I love Futurama, and one of my most favorite scenes in the series involves a character asking a giant, diabolical, floating brain questions only an eternal being can answer. One question is “what really killed the dinosaurs?”, in reply to which the brain bellows “MEEEEEEEEEEEE!!!”. Cut to giant floating brains zapping dinosaurs with lightning bolts.
While I never consciously stopped to consider it, I now realize there was nagging question buried in the back on my own diabolical brain: was Futurama referencing a real movie or TV show? I discovered the answer is “yes”, and now my life has been enriched by 1957’s The Brain From Planet Arous.
Most low-budget movies suffer from their financial constraints, but a few b-movies instead create something more special than what would have resulted had there been more funding. Arous is a good example of the latter.
First, there’s the floating alien brains (yes, plural). One brain is an evil escaped convict while the other is an intergalactic police officer, yet both are the same prop. The balloon used for the brain(s) has half-lidded eyes on the front of it. This sounds laughable (OK, it still is hard to not to laugh at it at times), but those static eyes manage to be mildly unnerving simply through their unchanging expression of…boredom? Smug superiority? What? It’s like talking to somebody and not being able to gauge their feelings through their expressions.
John Agar plays one of the two scientists who encounter the evil brain when they investigate a radiation pulse emanating from nearby Mystery Mountain. I love how the cave in which the brains were hiding is in a place called Mystery Mountain. It’s like if Texas Chain Saw Massacre took place in the town of Cannibal Redneckville.
The scientist who isn’t Agar (too lazy to look him up) is killed immediately, but our star is possessed by the evil brain. Per the era, and every aspect of this film, the evil brain wants to take over the Earth and uses Agar’s body to put a plan in motion. As a scientist, Agar has access to the facilities and government officials the brain needs.
I’m unsure as to why the brain needs access to government resources, because the possessed Agar is able to blow up planes flying overhead without any other means. We also see he doesn’t need anything like nuclear weapons, as he easily obliterates several structures set-up to be destroyed in an atomic test.
When Agar is performing such tricks, the actor was outfitted with contacts that turn the entirety of his visible eyeballs silver.
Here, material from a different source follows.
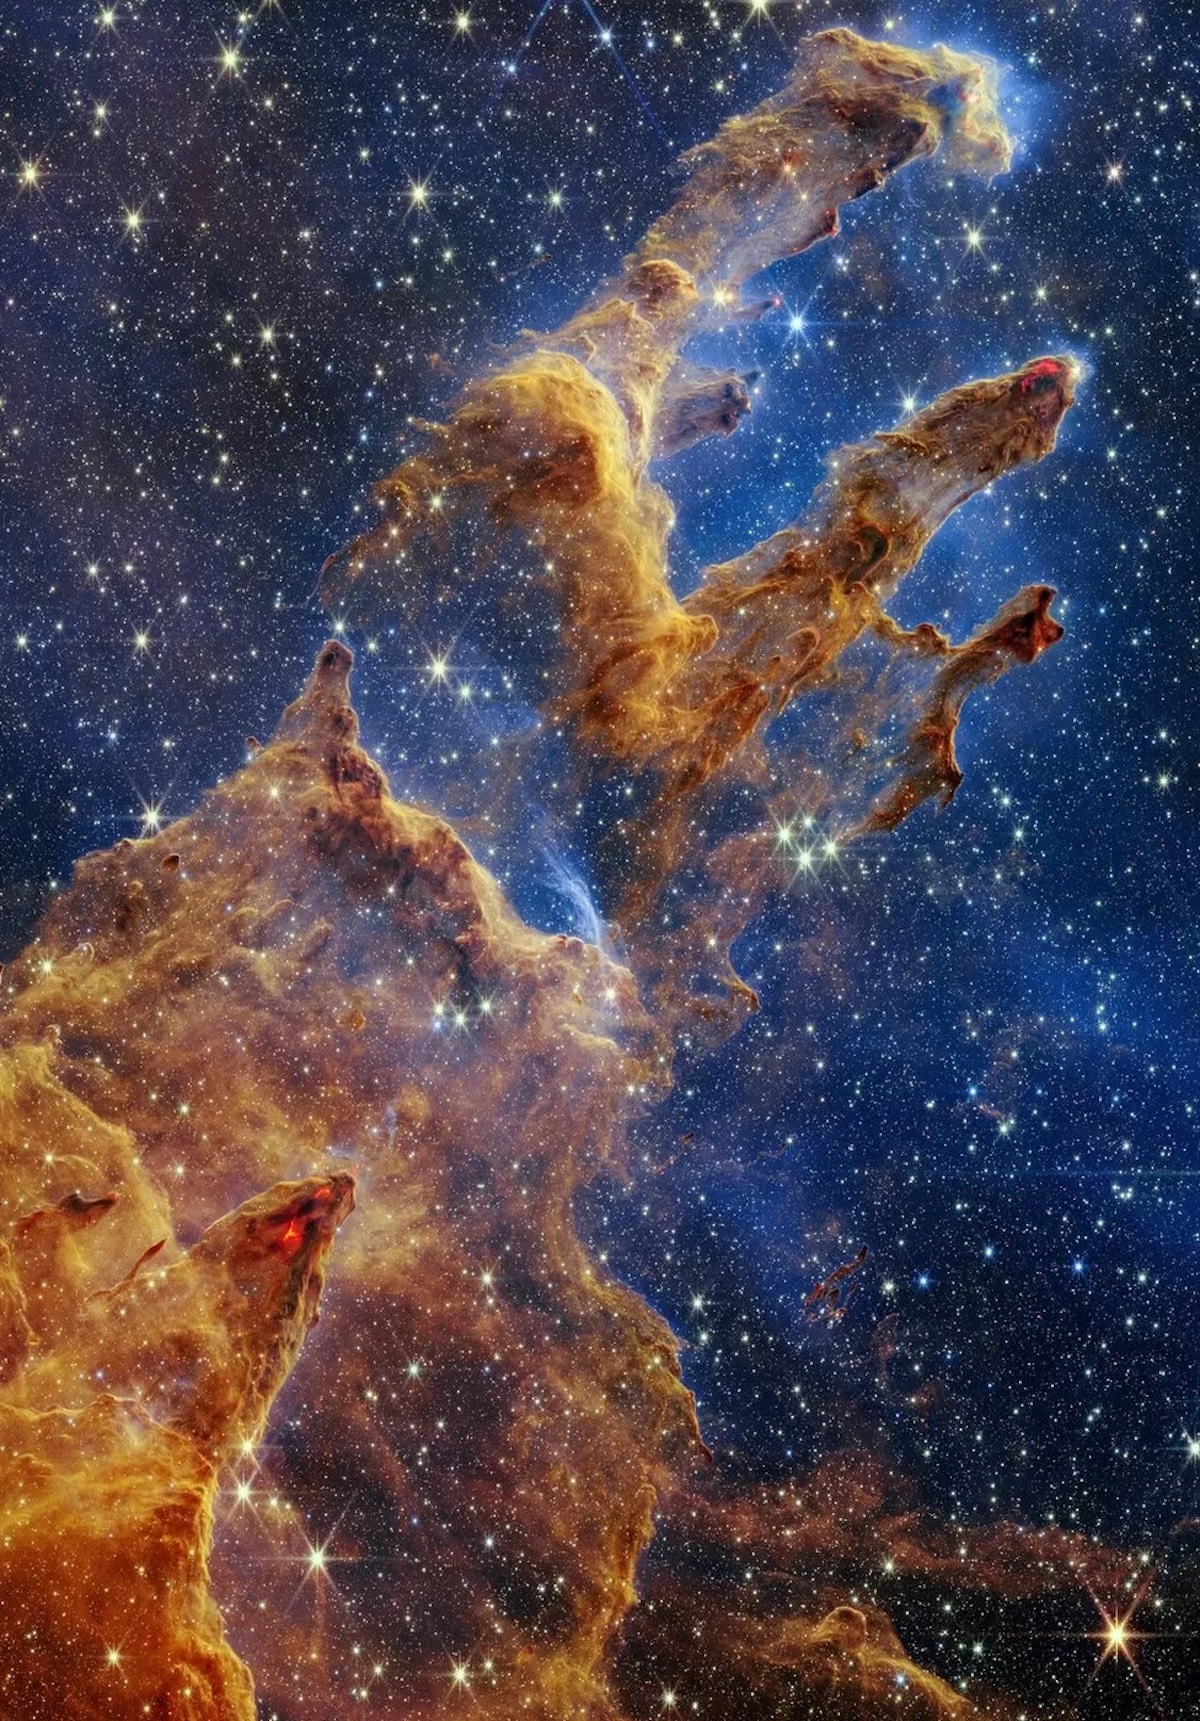 Pillars of Creation Captured by James Webb Space Telescope

It is a surprisingly effective technique.
The chief effect employed throughout Arous is simple double-exposure. When Agar is talking to his possessor, the brain will sometimes appear in overlay. It starts small before enlarging (heyyy, I know what you’re thinking) and floating to the other side of the room, so a man and his brain overlord can have a more civil discourse.
I need to compliment Agar on his performance. In most of the other pictures I have seen him in, he has delivered serviceable performances but…not much more than that. Here, he gets an opportunity to expand his range and is gleefully sinister when channeling the evil alien.
The creepiest moments in the film have the evil alien brain lusting after Agar’s girl, as played by Joyce Meadows. I guess a life of the mind gives a giant floating brain the hots for the first available female. It’s a gross idea, and Agar maximizes the skeezy potential from it.
The Brain From Planet Arous is a hoot. It is something I simultaneously enjoyed on its own terms and as a thick slice of cheese. I wasn’t bored for a minute; albeit, the movie only takes 71 of them. Recommended for everybody.